→ **DATASET**
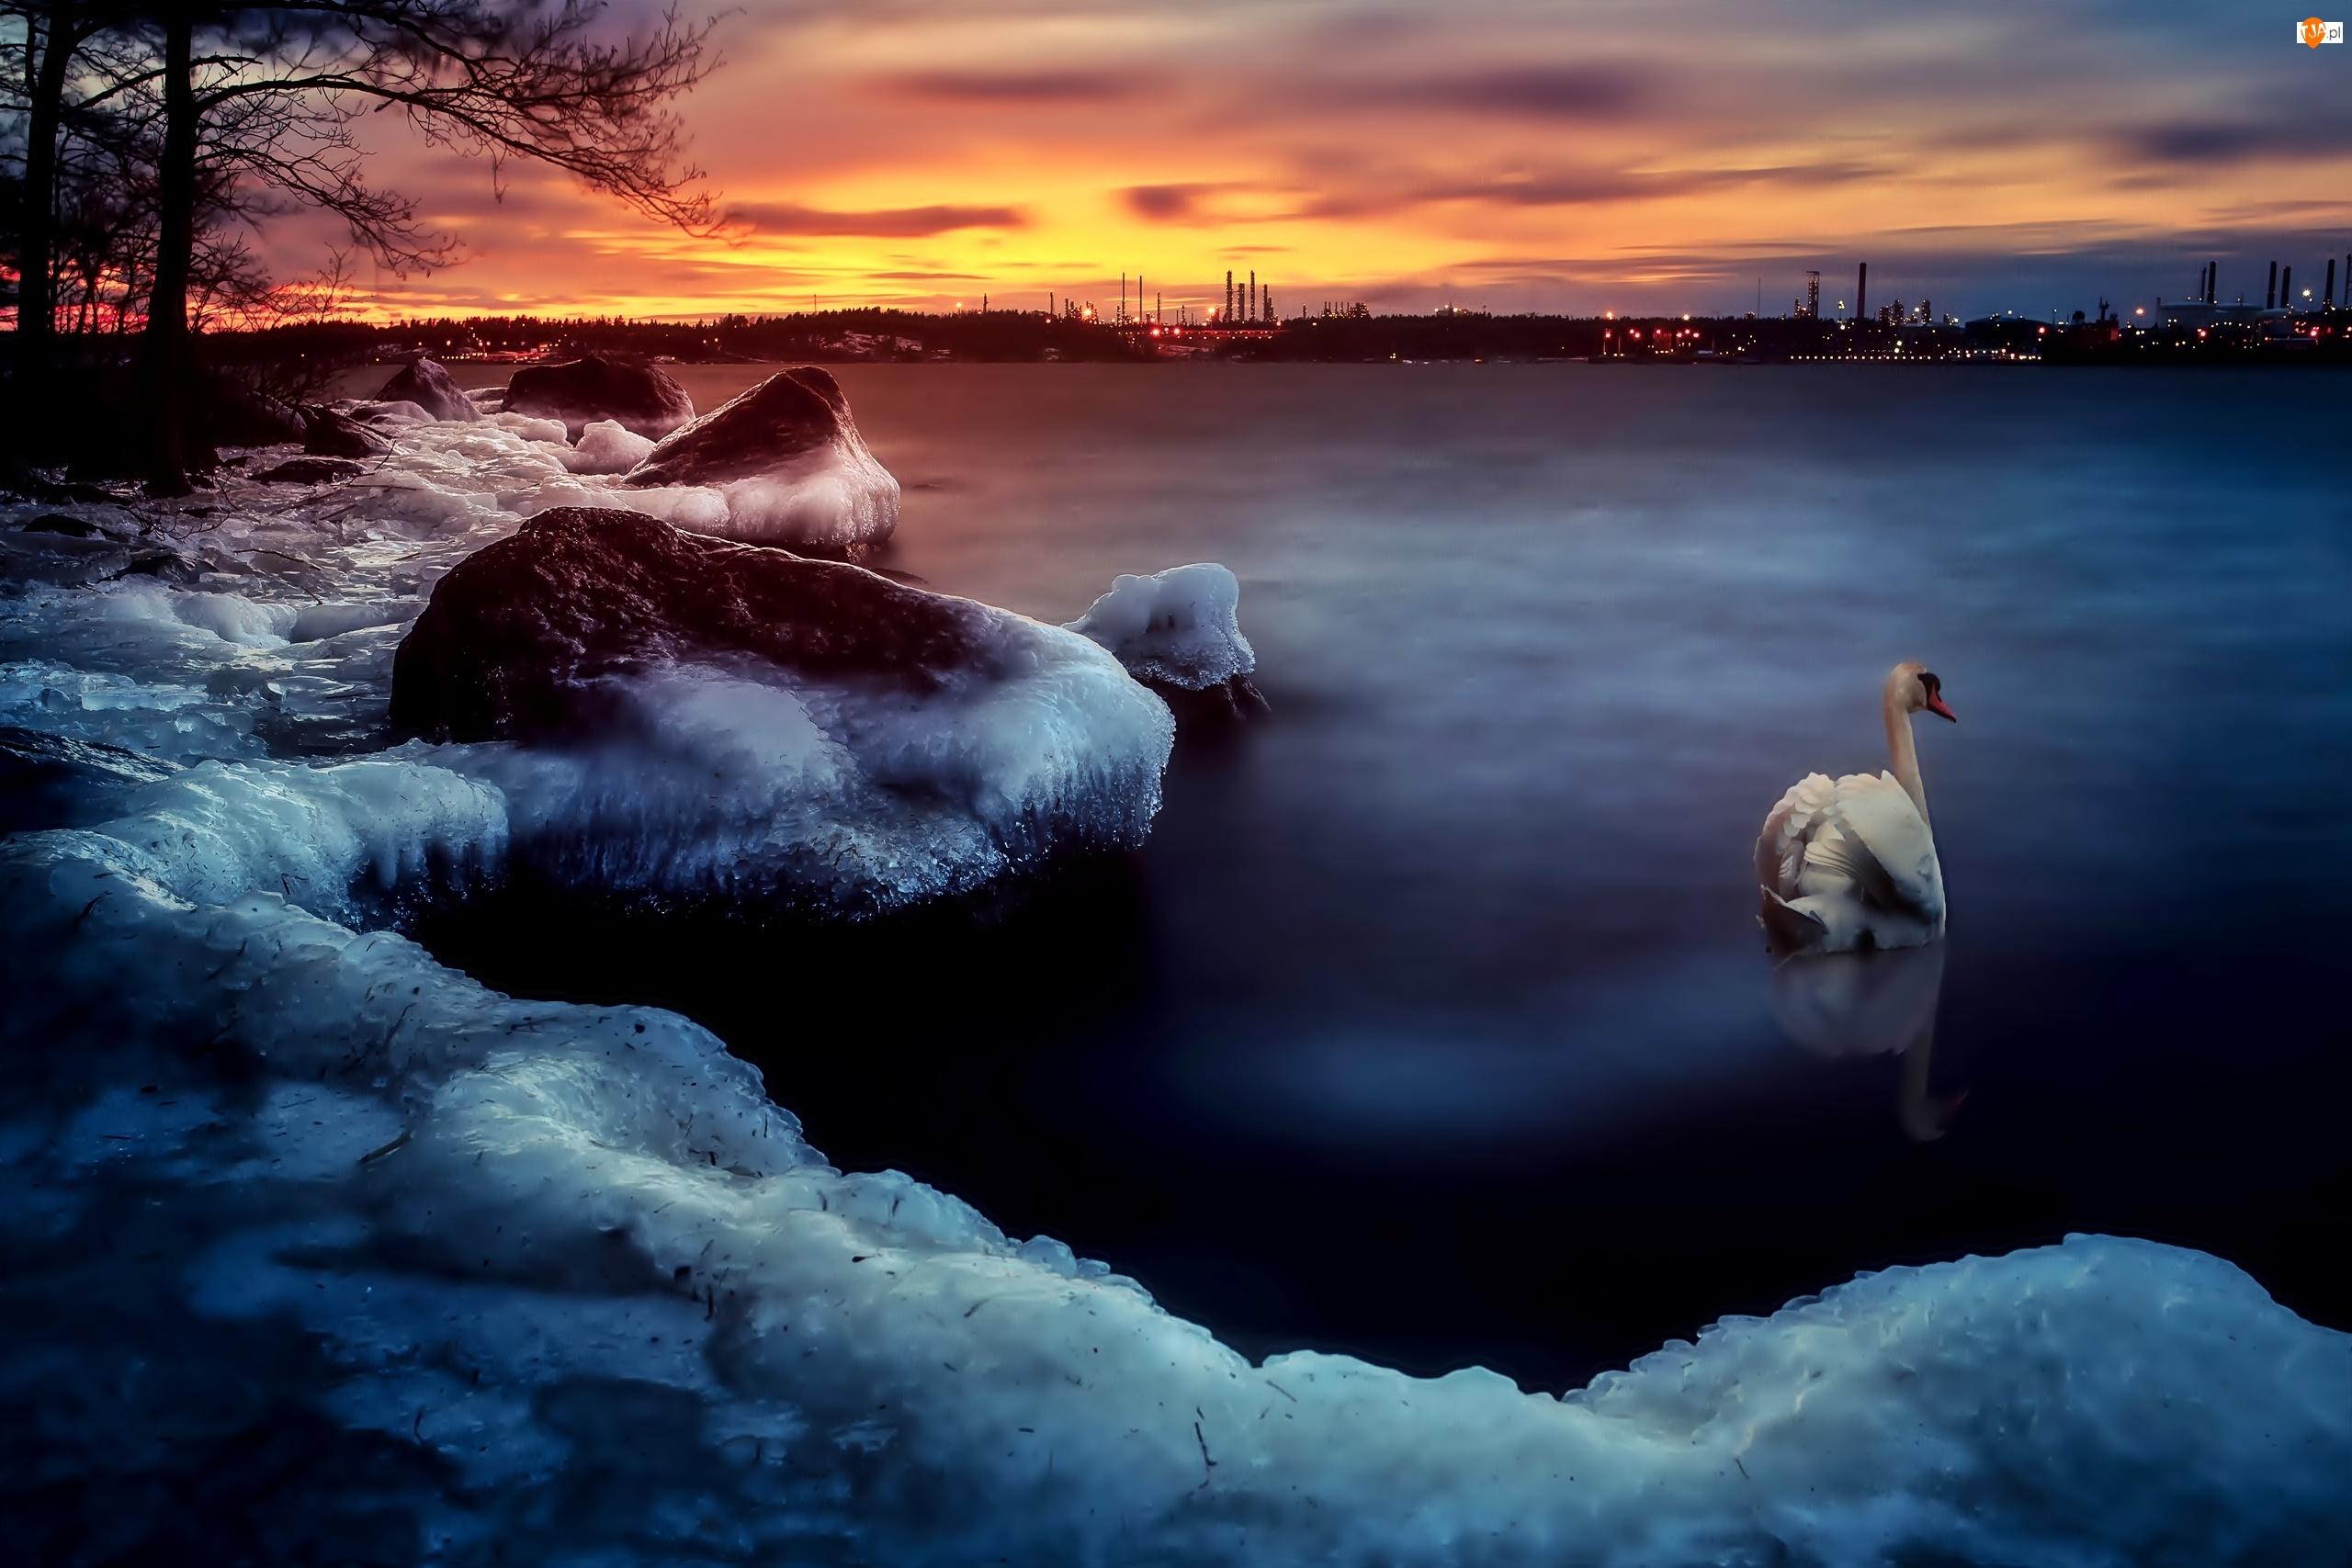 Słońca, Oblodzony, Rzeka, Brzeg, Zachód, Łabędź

==

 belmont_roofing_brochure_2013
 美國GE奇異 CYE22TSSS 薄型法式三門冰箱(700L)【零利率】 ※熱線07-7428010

→ **WHAT YOU WILL DO**
Out of the listing above, reproduce exactly the lines from the one with "belmont_roofing_brochure_2013" up to and including the one with "美國GE奇異 CYE22TSSS 薄型法式三門冰箱(700L)【零利率】".

→ **OUTPUT FOR THIS TASK**
 belmont_roofing_brochure_2013
 美國GE奇異 CYE22TSSS 薄型法式三門冰箱(700L)【零利率】 ※熱線07-7428010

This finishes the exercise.